_Your goal:_
The reply must repeat the listing below exactly and carry none of its pictures.

_Supplied material:_
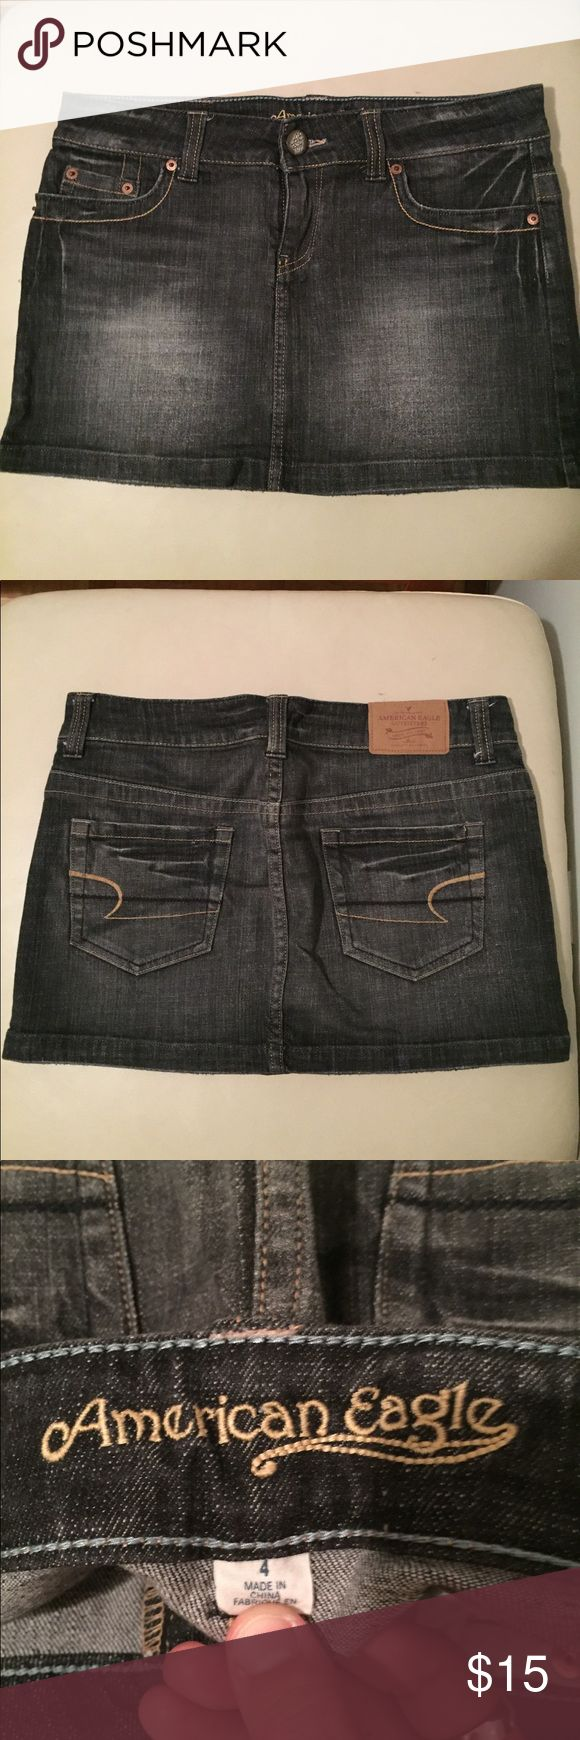 American Eagle Jean Mini Skirt American Eagle black jean mini skirt. Looks like new. Soft denim fabric. American Eagle Outfitters Skirts Mini
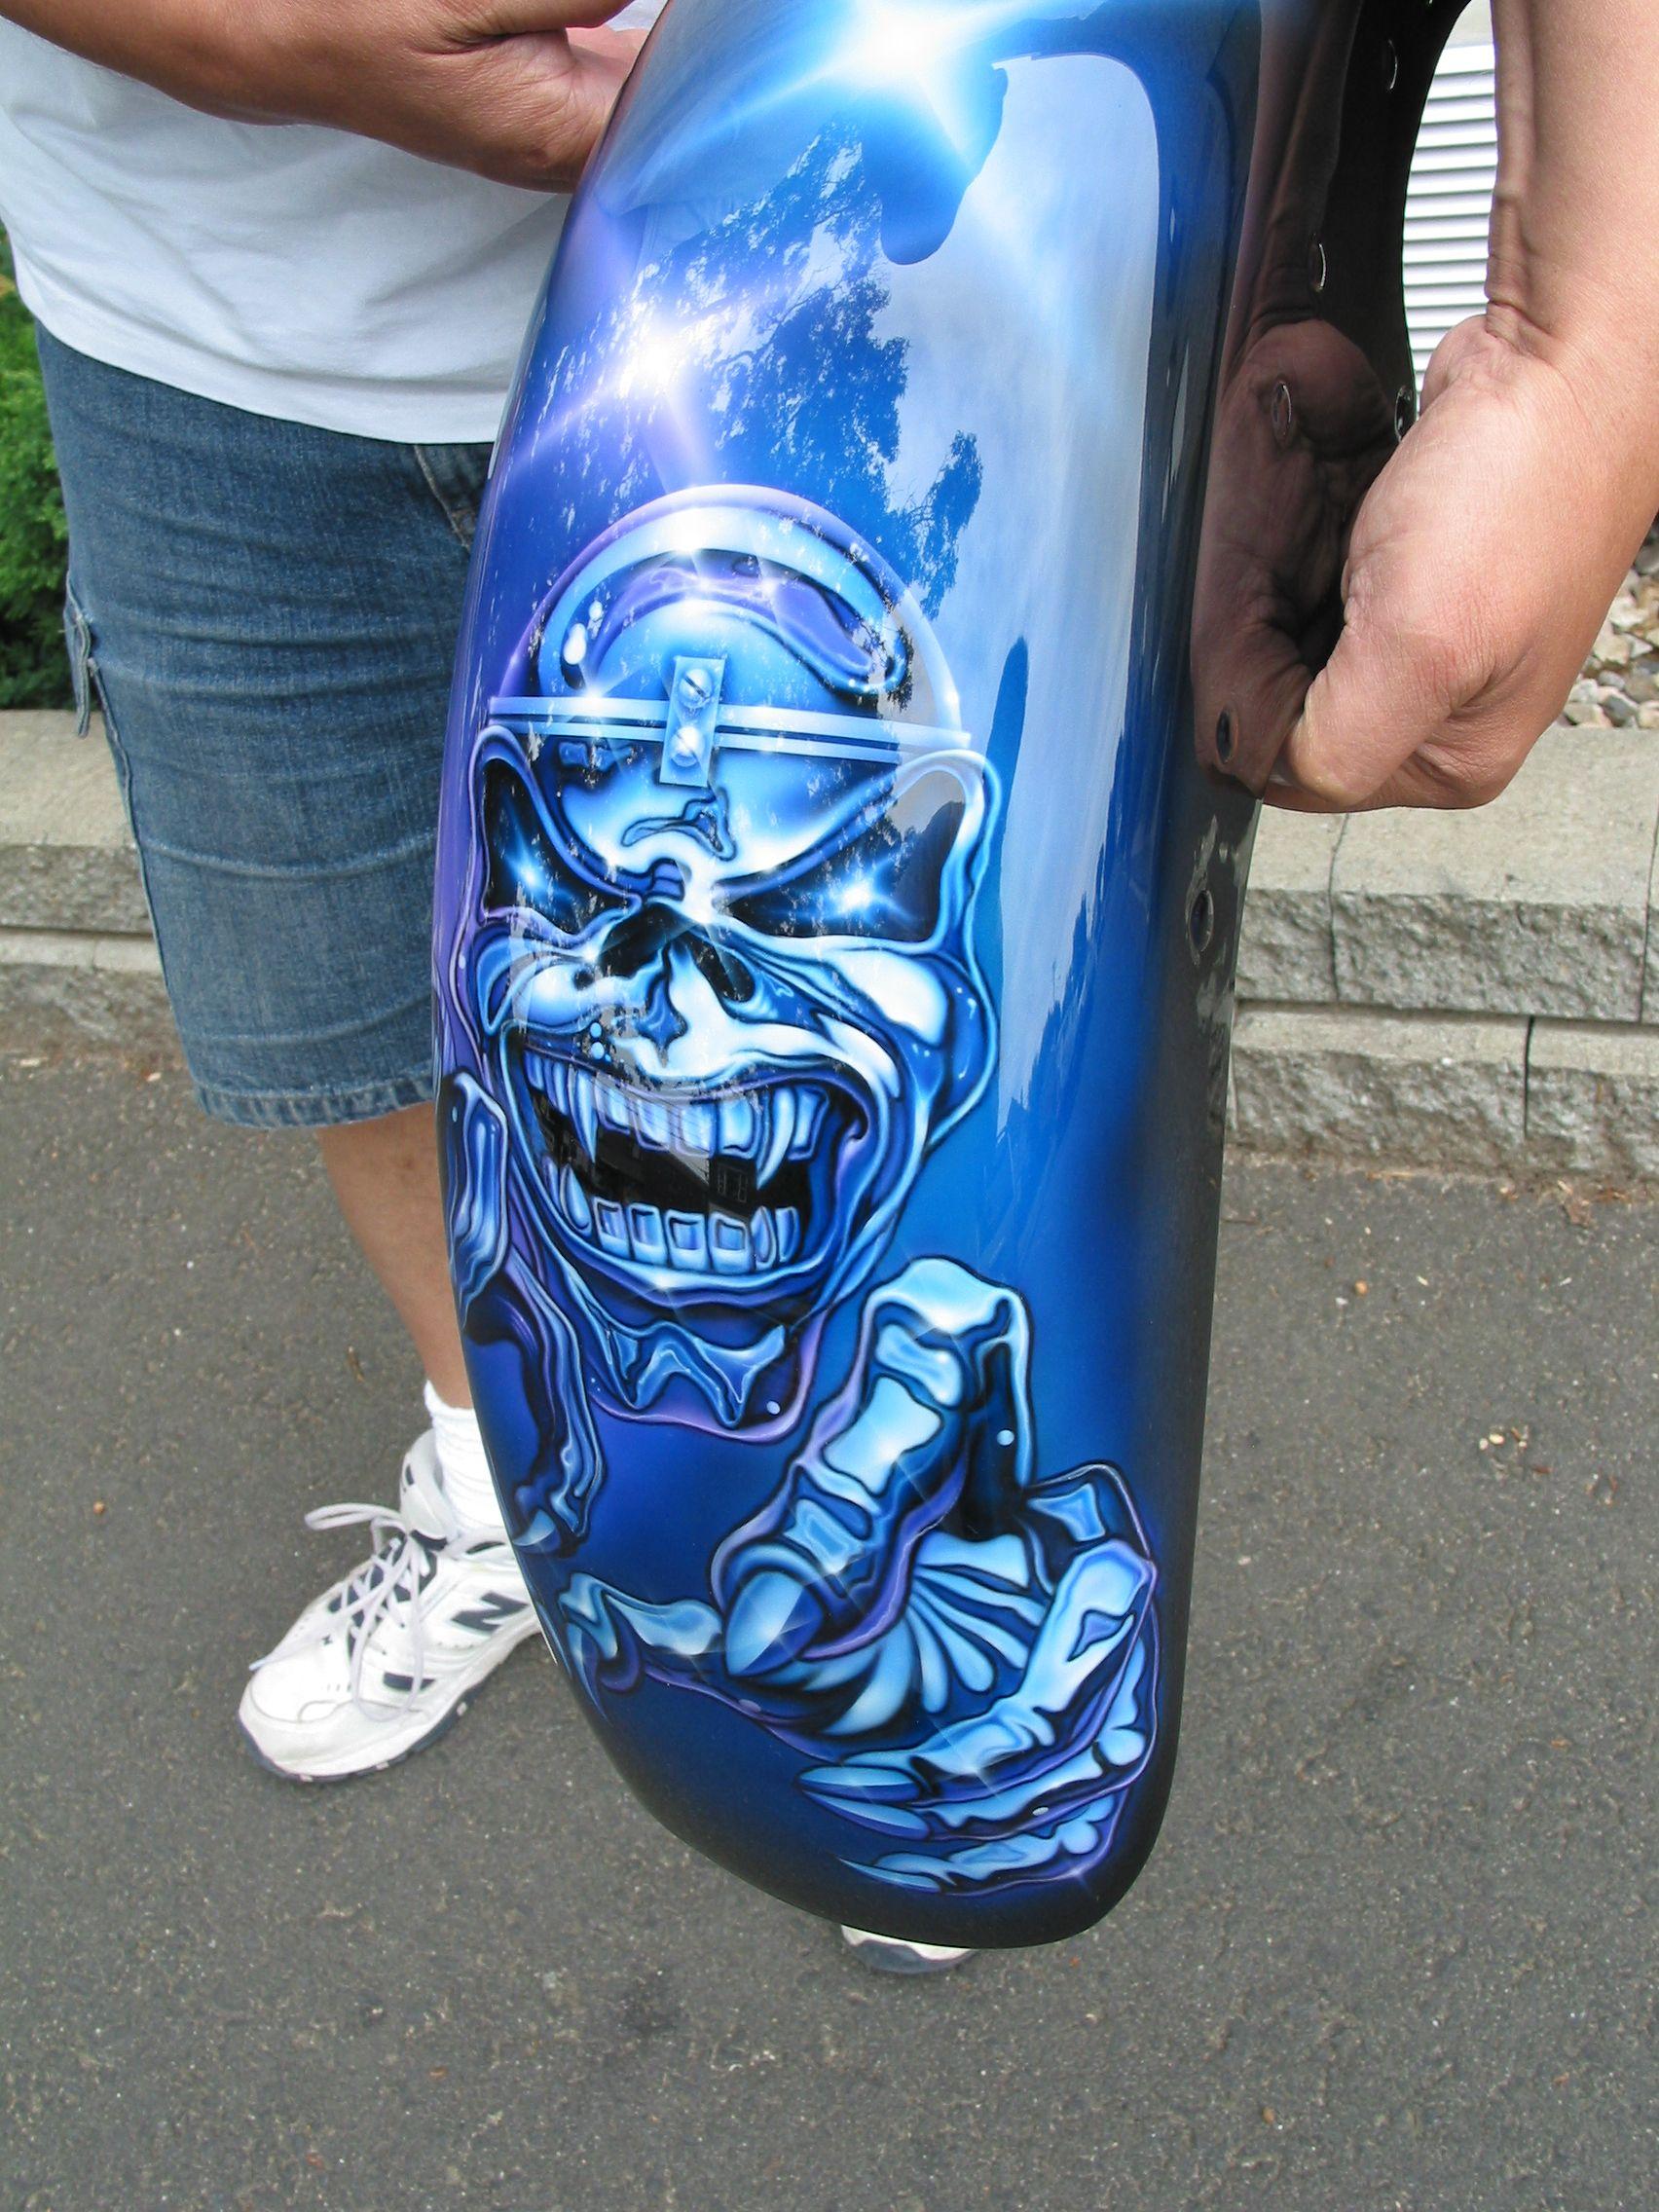 Iron Maiden Fender Favorite Rock Bands Airbrush Art
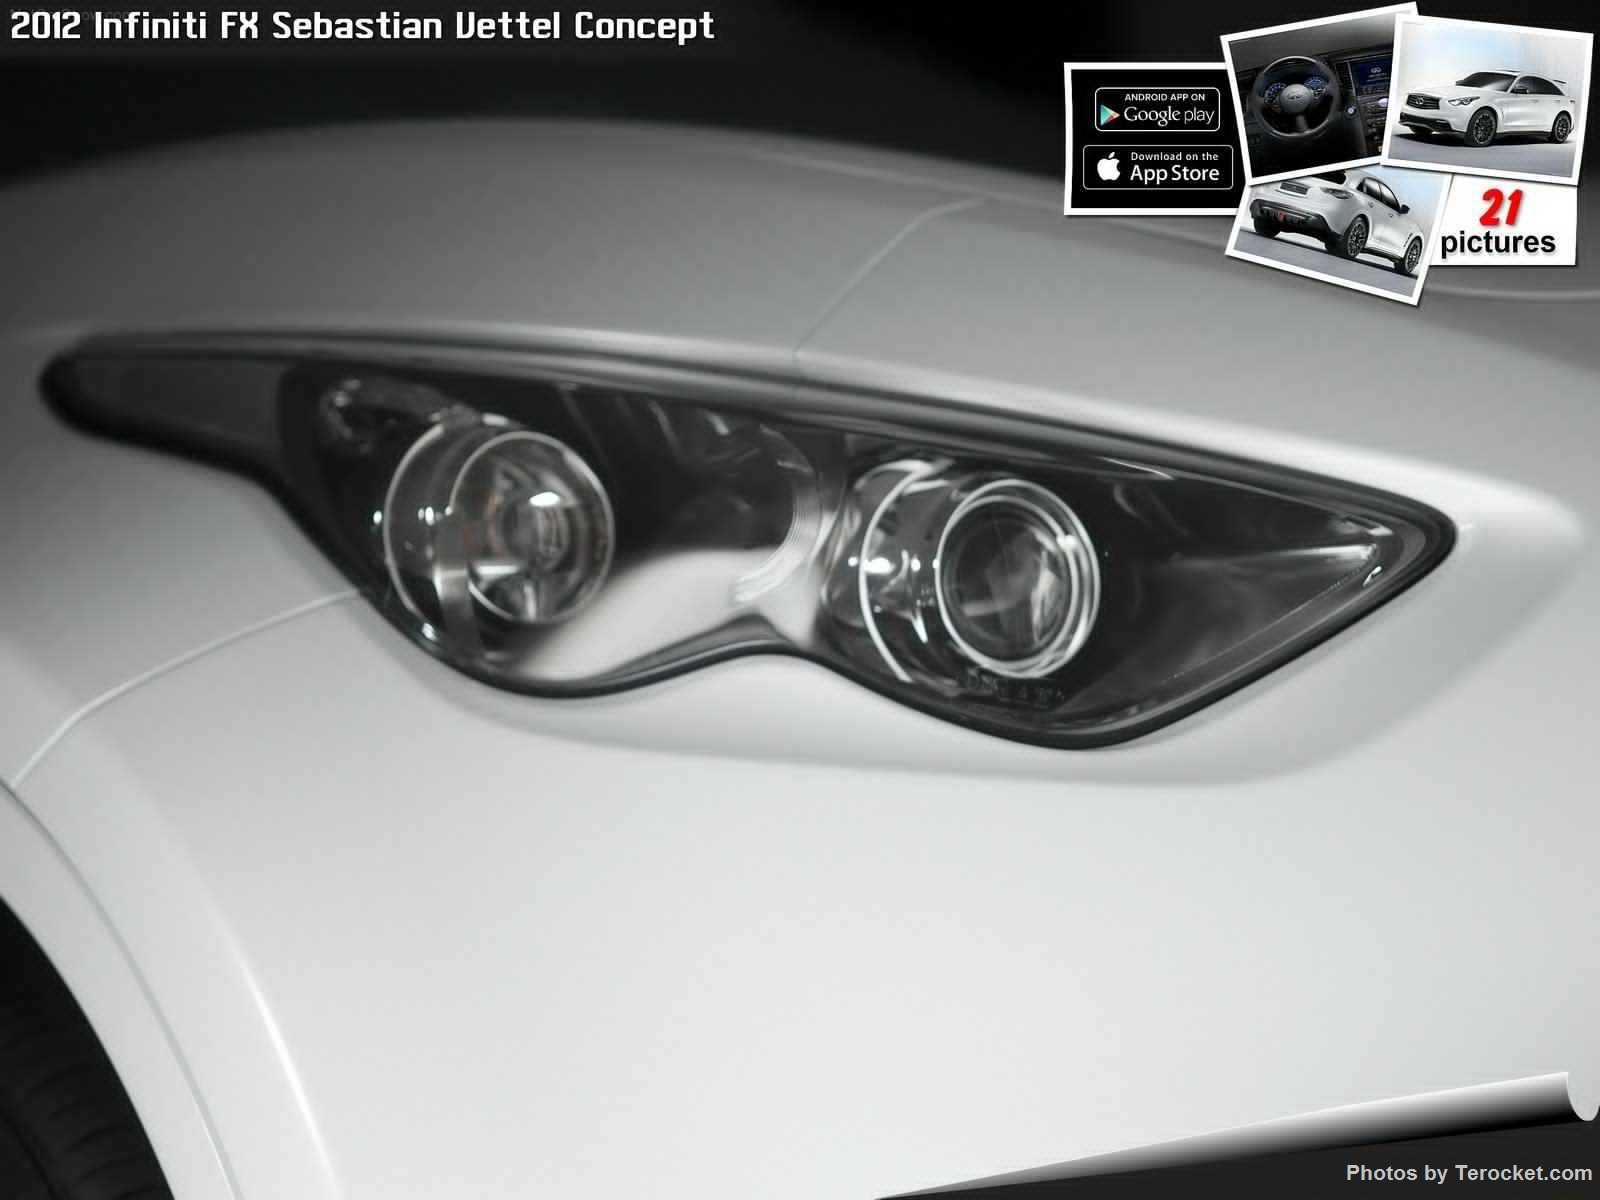 Hình ảnh xe ô tô Infiniti FX Sebastian Vettel Concept 2012 & nội ngoại thất

_Response area:_
 American Eagle Jean Mini Skirt American Eagle black jean mini skirt. Looks like new. Soft denim fabric. American Eagle Outfitters Skirts Mini
 Iron Maiden Fender Favorite Rock Bands Airbrush Art
 Hình ảnh xe ô tô Infiniti FX Sebastian Vettel Concept 2012 & nội ngoại thất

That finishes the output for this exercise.